Clothing might seem a strangely intimate thing to bequeath to friends or neighbours. Obviously hand-me-downs in families were common and special items might be given as gifts but the majority of legacies in wills are for regular, daily clothing, that the recipient may well have seen the owner wearing. There were no mass-produced garments at the time; new clothes were cut and sewn by hand, woven or knitted by those intending to wear them but this would not have been frequent. The average “wardrobe” (as a collective noun, rather than piece of furniture,) of four hundred years ago would have been tiny in comparisons with today. Clothes were expensive and time-consuming to produce; costly fabrics and dyes were accessible by a small elite but even those at the top found it hard to keep up. Elizabeth’s favourite, Robert Dudley often found himself deep in debt through keeping up the appearances necessary to his rank, until he was given the Earldom of Leicester, on this day, 29 September, in 1564.
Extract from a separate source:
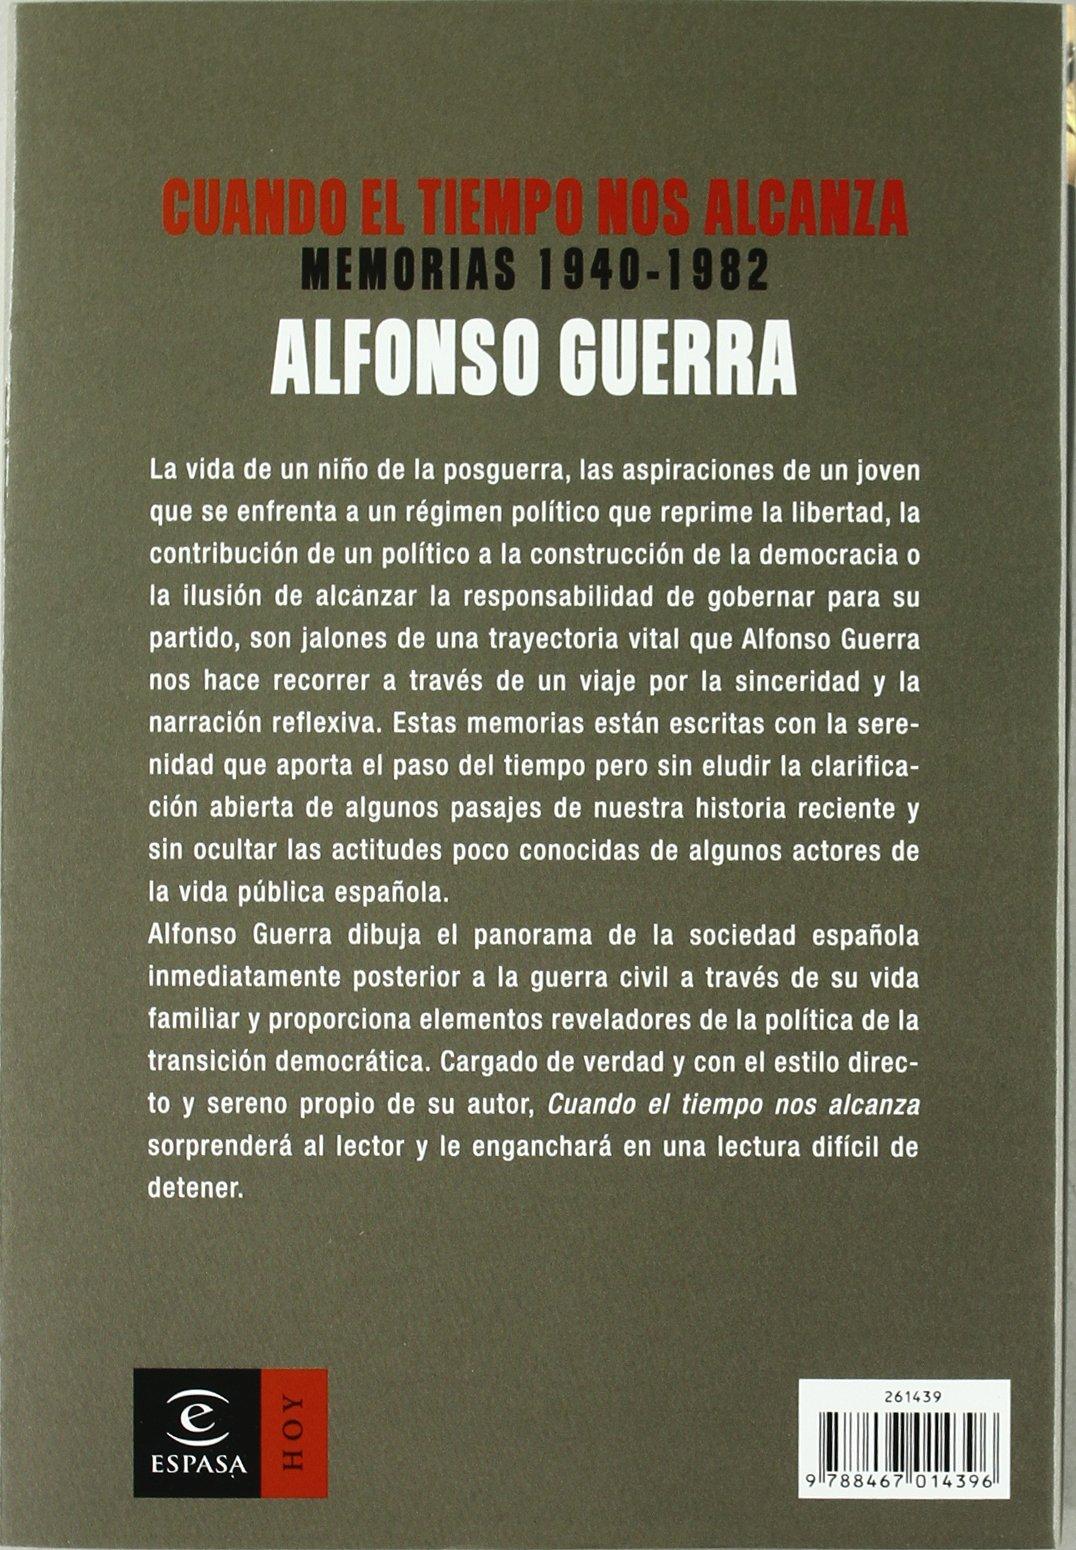 Cuando el tiempo nos alcanza (ESPASA HOY): Amazon.es: Alfonso Guerra: Libros

In 1578, Margaret Rand of Ashden left her two daughters “all her best apparel,” presumably for them to fight over between themselves; similarly in 1570, Agnes Rothe of Wix left her four daughter her “raiment” as well as a pewter platter and saucer each. The widow Trott of Tilbury left to her daughter Sara one “red stuffe petticoat” and one Holland smock and her daughter Mary “one cloth gown and one clothe petticoat, to make her apparell withal.” To her sister-in-law Agnes she left one “handkercher stitched without” and to her brother and brother-in-law, she gave money to buy a pair of gloves as a remembrance of her. In 1603, Thomasin Deysey left Jude Wilbure her “first gown” and Elizabeth Irelande a red petticoat and white cotton waistcoat.
Clearly, these examples barely touch the surface of a wide culture of domestic bequests that indicate an understanding of the cyclical nature of life; women passed on the metaphorical baton to the next generation of wives and mothers by endowing them with the apparatus of the bedroom and kitchen. Inscribed in the nicks and dents of each saucepan, in the tears and mending of petticoats, were the experiences of a marginal and largely illiterate group, whose stories were barely otherwise told.